*Work to complete*:
The required output is the stretch from the line containing "Trabajamos por tu" through the line containing "Kožená obuv s" in the records below, unaltered and with no pictures.

*Data provided*:
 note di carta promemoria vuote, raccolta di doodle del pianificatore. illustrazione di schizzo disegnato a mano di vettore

==

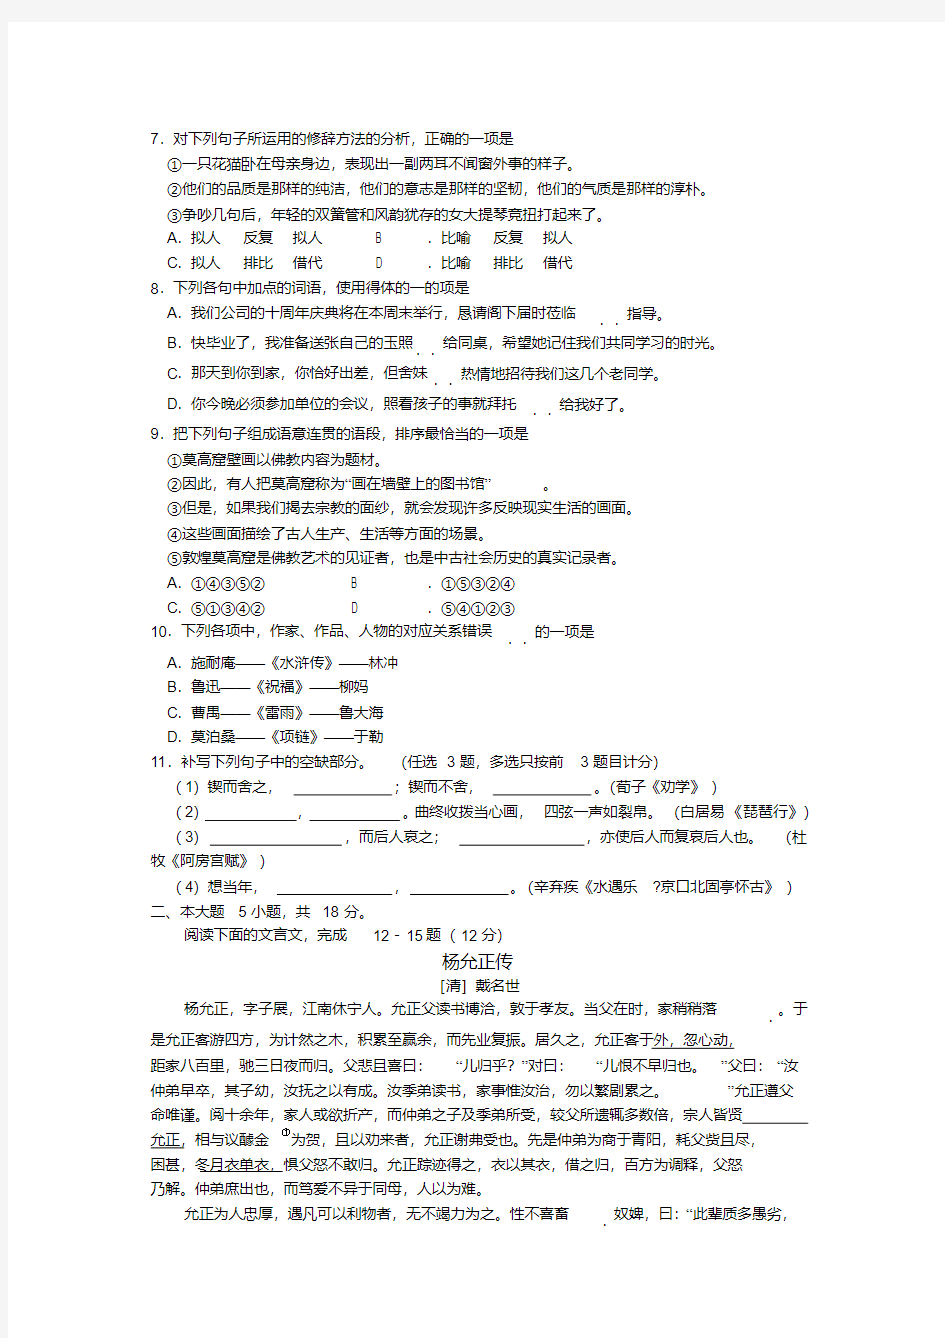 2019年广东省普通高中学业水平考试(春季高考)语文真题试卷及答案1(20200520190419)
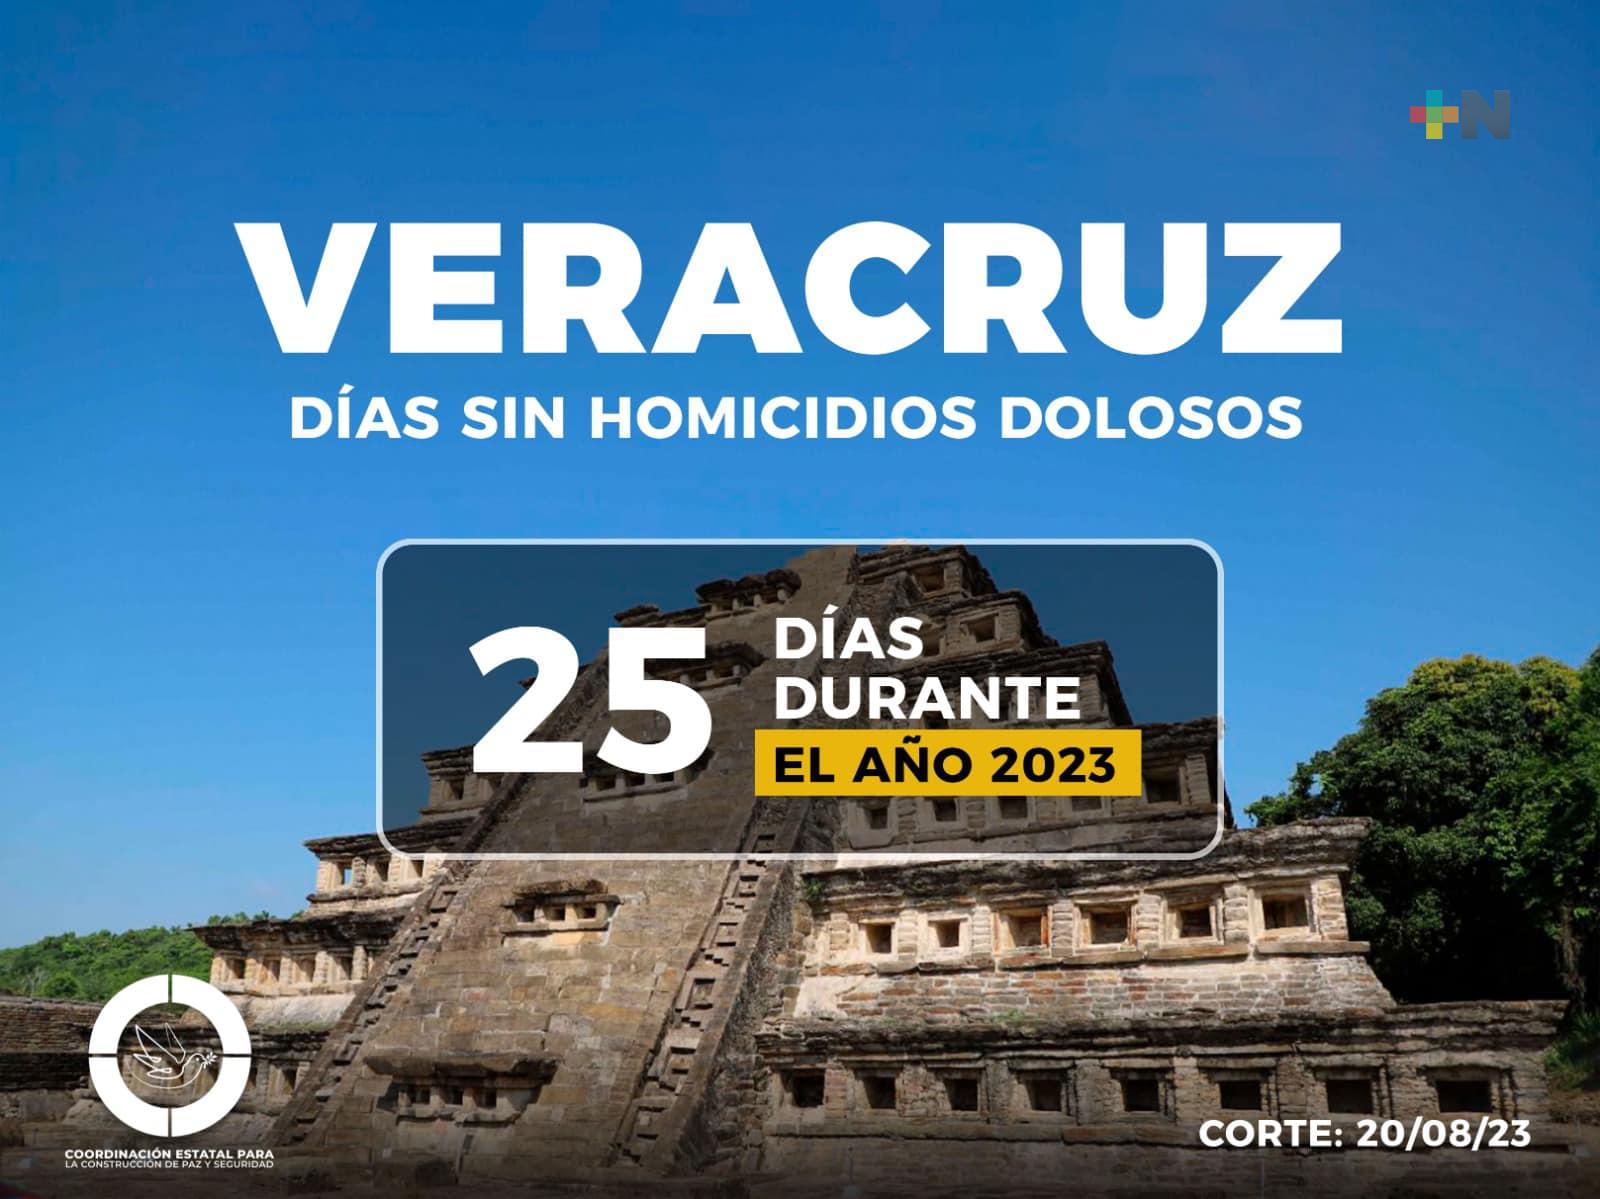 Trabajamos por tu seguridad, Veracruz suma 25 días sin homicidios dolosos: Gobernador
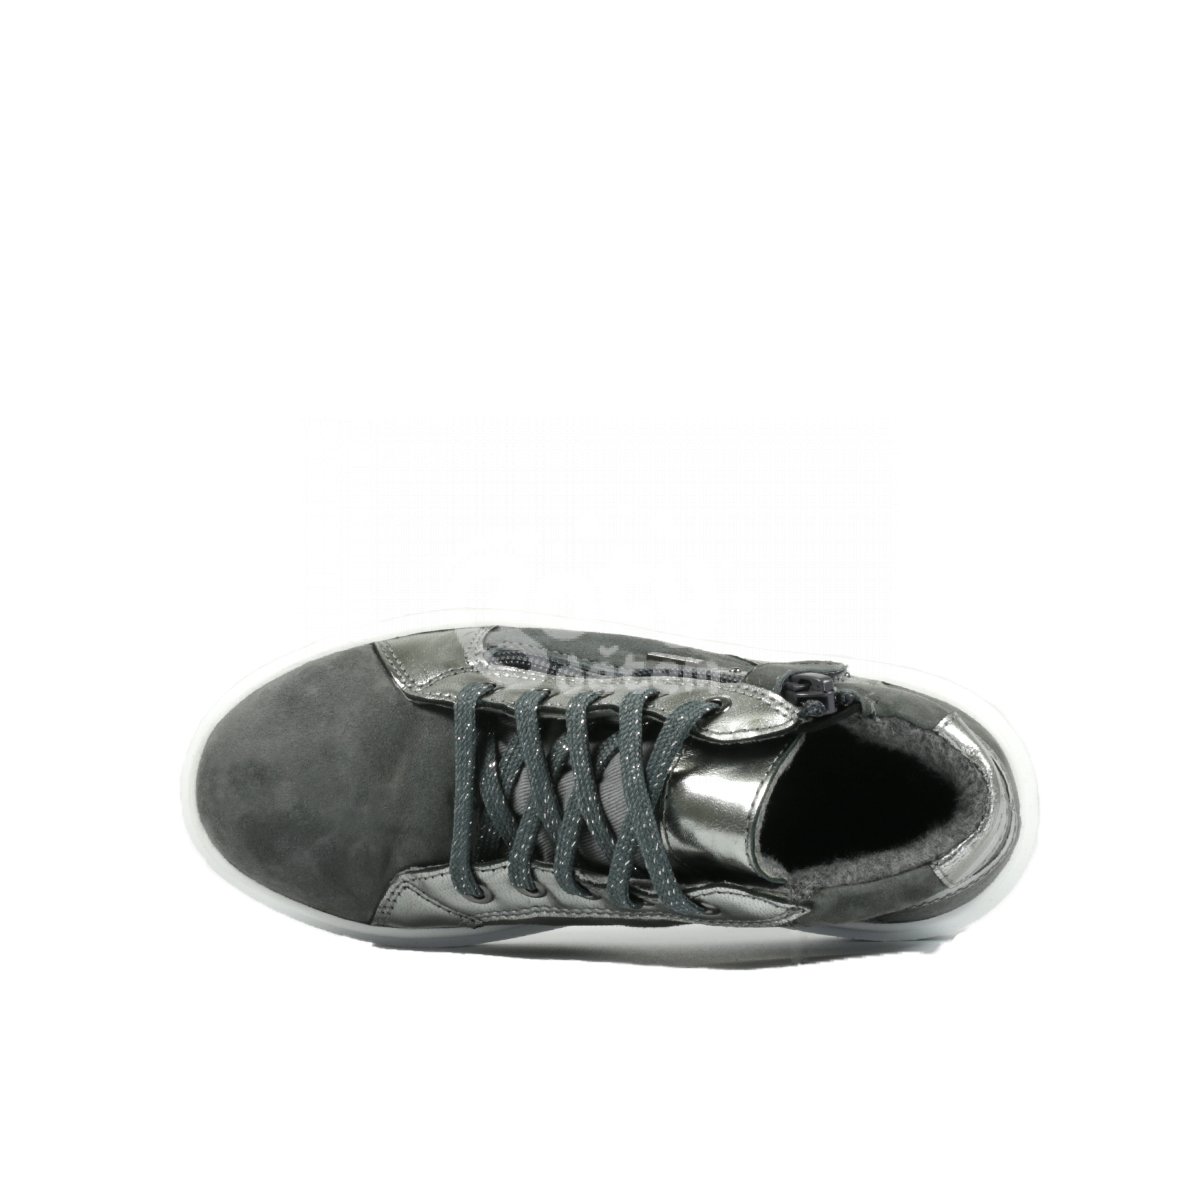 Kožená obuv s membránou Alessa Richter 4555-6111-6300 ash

*Solution for this task*:
 Trabajamos por tu seguridad, Veracruz suma 25 días sin homicidios dolosos: Gobernador
 Kožená obuv s membránou Alessa Richter 4555-6111-6300 ash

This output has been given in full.